Show HN: Beautiful React UI components for your next project - reactivex
https://github.com/appbaseio/reactivesearch/blob/dev/README.md
======
reactivex
Hi HN! This is a Show for the 2.0 release of ReactiveSearch.

What is this for:

\- Building data-driven apps with React (or React Native), e.g. search UIs,
dashboards, feeds.

\- Building Elasticsearch UIs: components can query an Elasticsearch index
that is hosted anywhere and supports all major ES versions (v2, v5 and v6).

Key highlights in this release:

\- Compatible with any Elasticsearch index hosted anywhere.

\- Comes with over 30 pre-built components which are common in building data-
driven UIs.

\- Can be extended to work with your own UI components. (Really handy if
already have a designed component and want it to work with Elasticsearch).

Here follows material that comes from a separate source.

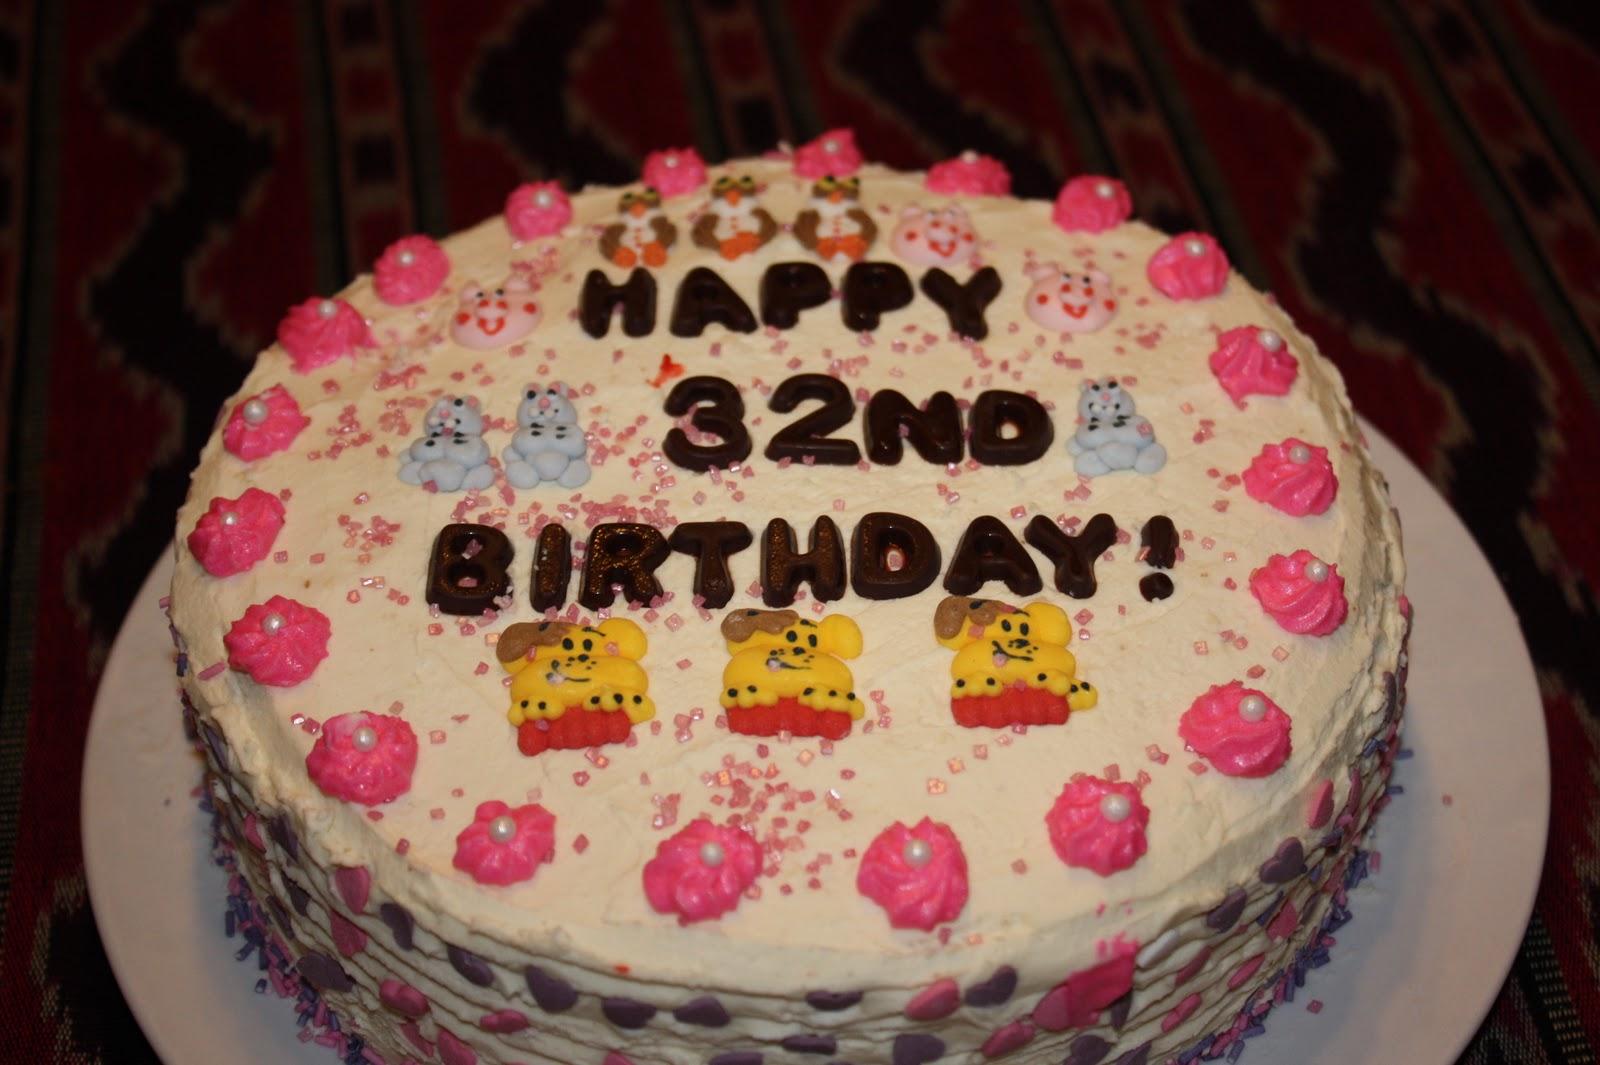 Happy Birthday The Gunslinger45 Movie Forums
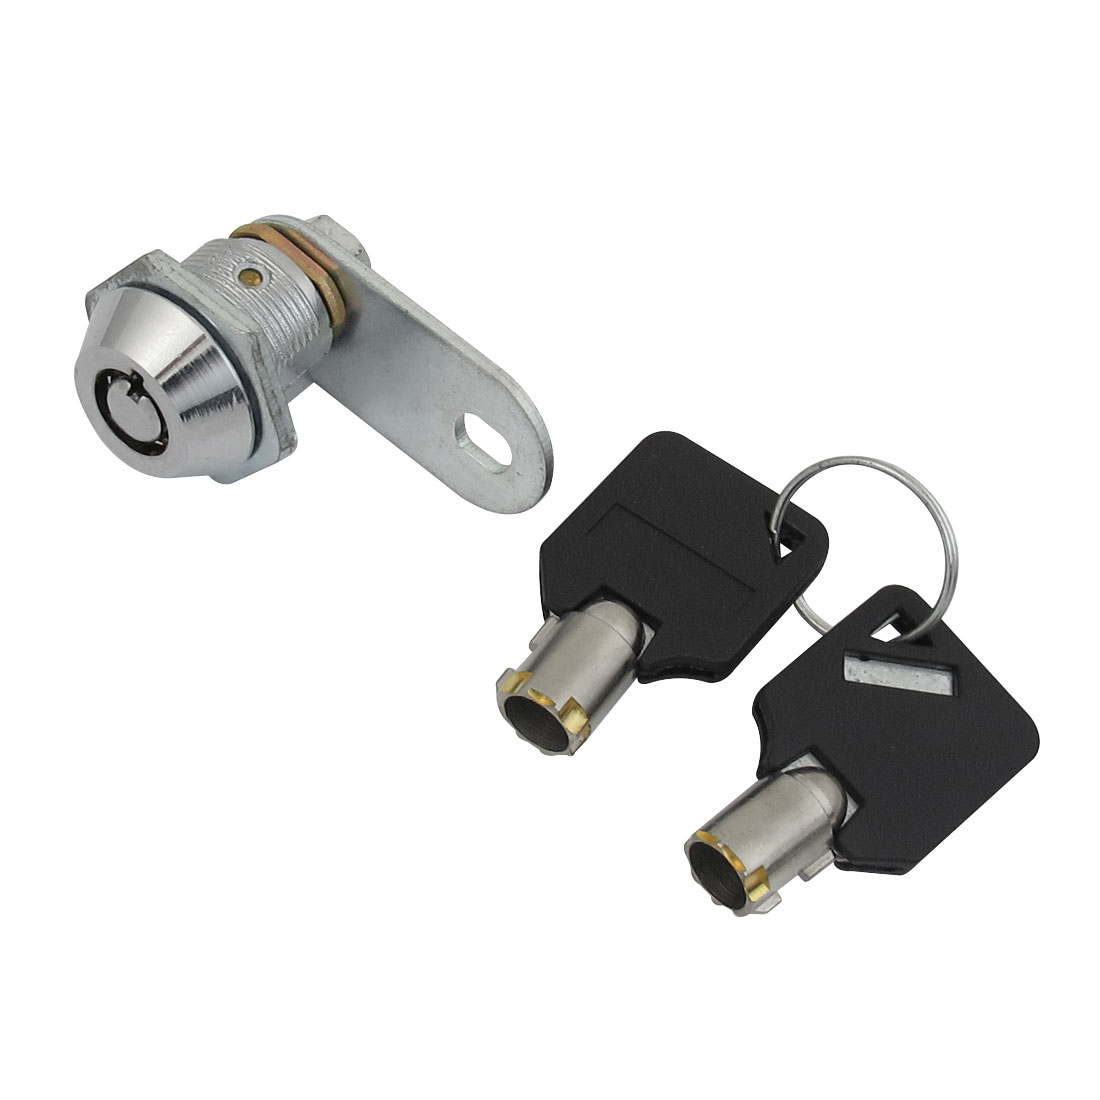 Silver Tone 18.5mm Thread Store Drawer Door Metal Plane Cam Lock

\- We also provide designer templates of all our components, which is helpful
for creating pixel-perfect UIs.

\- Consistent API for web and native mobile apps (Native version of the lib is
in alpha today)

You can see a post for building an e-commerce UI using Reactivesearch -
codeburst.io/how-to-build-an-e-commerce-search-ui-with-react-and-
elasticsearch-a581c823b2c3.

A lot of sweat and love has gone into building this, would appreciate any
helpful feedback, improvements we can make, or issues you may be seeing. :-)

------
lecarore
The title made me think it was just another materialize fork, while it's
actually an Elasticsearch UI lib, maybe that's the reason you didn't get they
much attention. Nice work, I'd suggest a repost with a less generic title ;)